Akses terhadap layanan aborsi juga harus dilindungi dari penolakan atau penolakan berdasarkan hati nurani yang didefinisikan sebagai “praktik profesional kesehatan yang menolak memberikan layanan aborsi berdasarkan hati nurani pribadi atau keyakinan agama.” Hal ini sangat penting di Filipina, bahkan dalam kasus perawatan pasca-aborsi, terdapat kasus di mana para profesional kesehatan menolak memberikan layanan berdasarkan keyakinan pribadi mereka. Ketika aborsi didekriminalisasi dan pemerintah mengizinkan penolakan atas dasar hati nurani, kesinambungan dan kualitas layanan aborsi hanya dapat dijamin jika terdapat kerangka peraturan, pengawasan dan penegakan hukum yang efektif untuk memastikan bahwa penolakan terhadap layanan aborsi tidak menghambat akses terhadap layanan aborsi.

Agar masyarakat Filipina dapat sepenuhnya melaksanakan hak asasi mereka, mereka harus mampu membuat keputusan yang bebas dan terinformasi serta memiliki akses terhadap layanan aborsi. Mereka harus dapat hidup di lingkungan di mana para pencari dan penyedia layanan aborsi tidak lagi menghadapi rasa takut akan penangkapan, penuntutan, dan pemenjaraan. Dengan rekomendasi terbaru WHO, semakin sulit bagi pemerintah untuk terus membenarkan tindakan mereka atau justru kurangnya tindakan terhadap isu aborsi yang tidak aman di negara tersebut, dan seruan untuk dekriminalisasi aborsi dan kebutuhan masyarakat Filipina akan akses untuk mengabaikan kualitas aborsi. perawatan aborsi.

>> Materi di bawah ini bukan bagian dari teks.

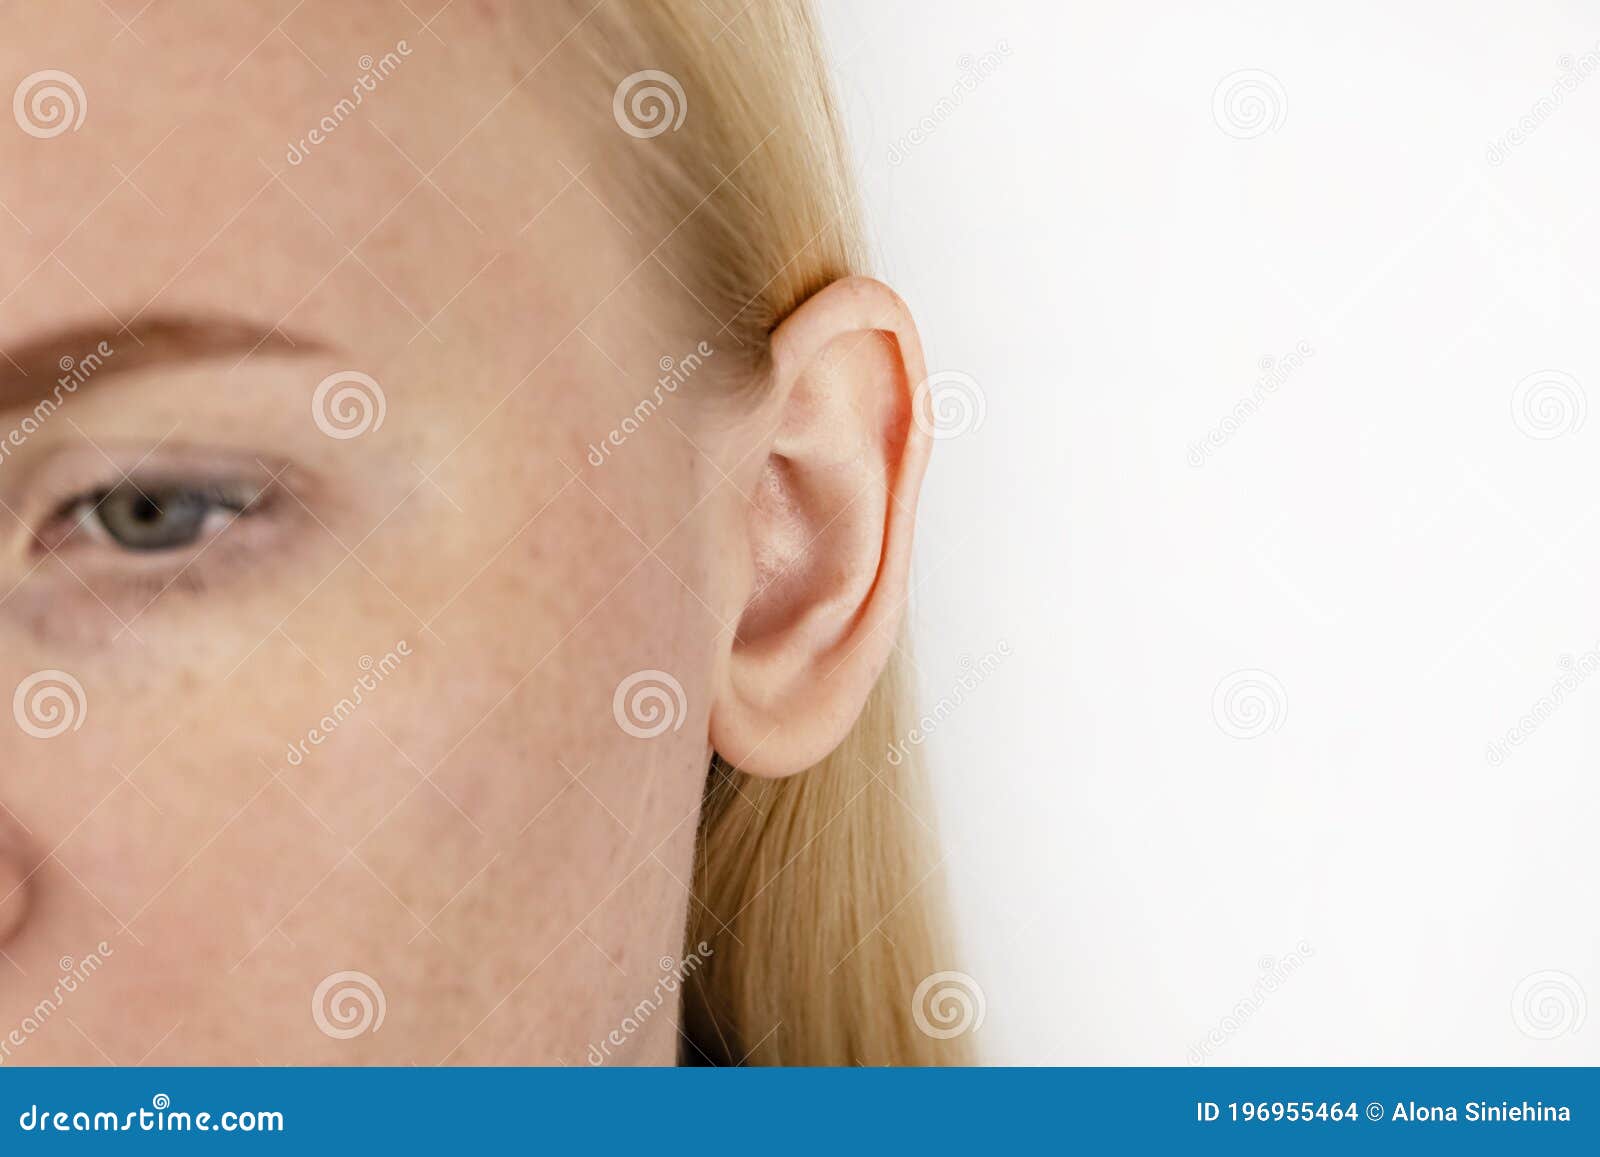 darwin`s tubercle on the ear. the girl at the reception at the plastic surgeon, shows the auricle
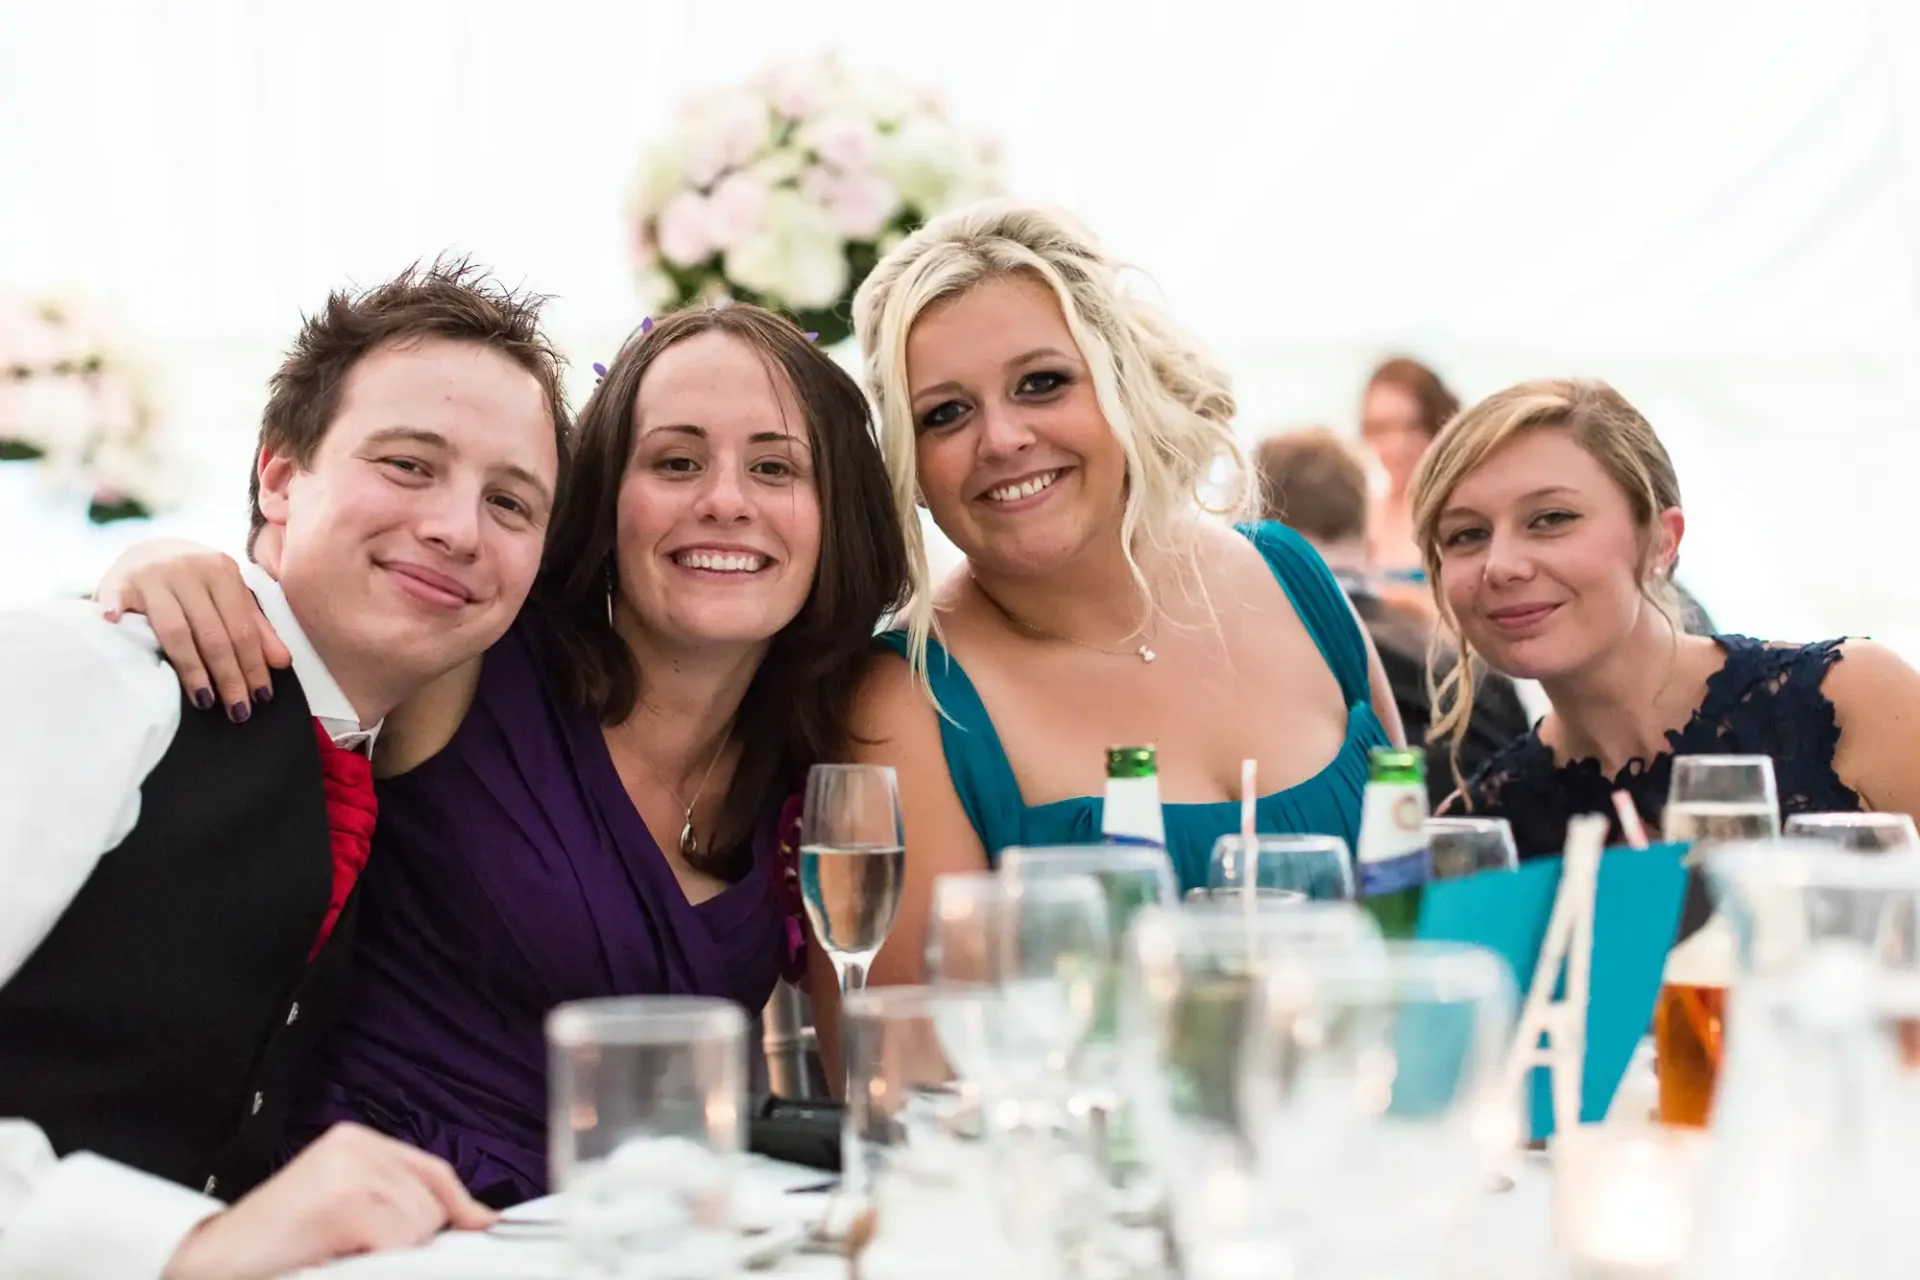 Four friends smiling at a wedding reception table, surrounded by drinks and floral decorations.

Catatan: WHO mengakui bahwa sebagian besar bukti yang tersedia mengenai aborsi kemungkinan besar mencakup populasi penelitian perempuan cisgender. Namun, laporan ini mencatat bahwa laki-laki transgender, individu non-biner, gender-fluid, dan interseks yang memiliki sistem reproduksi perempuan dan mampu hamil juga memerlukan layanan aborsi. Orang-orang dengan identitas gender yang beragam juga diakui oleh para advokat lokal sebagai individu yang mungkin mencari layanan aborsi. – Rappler.com

Jihan Jacob adalah pembela hak asasi perempuan yang bekerja untuk Pusat Hak Reproduksisebuah organisasi non-pemerintah global yang menggunakan kekuatan hukum untuk mempromosikan hak-hak reproduksi sebagai hak asasi manusia yang mendasar di seluruh dunia. Dia adalah anggota Komite Manajemen Jaringan Advokasi Aborsi Aman Filipinajaringan lokal kelompok masyarakat sipil yang berkomitmen untuk berupaya mencapai realisasi penuh hak dan kesehatan seksual dan reproduksi perempuan dan anak perempuan. Dia berkontribusi pada pertemuan penjajakan bidang Hukum dan Kebijakan pedoman WHO untuk layanan aborsi.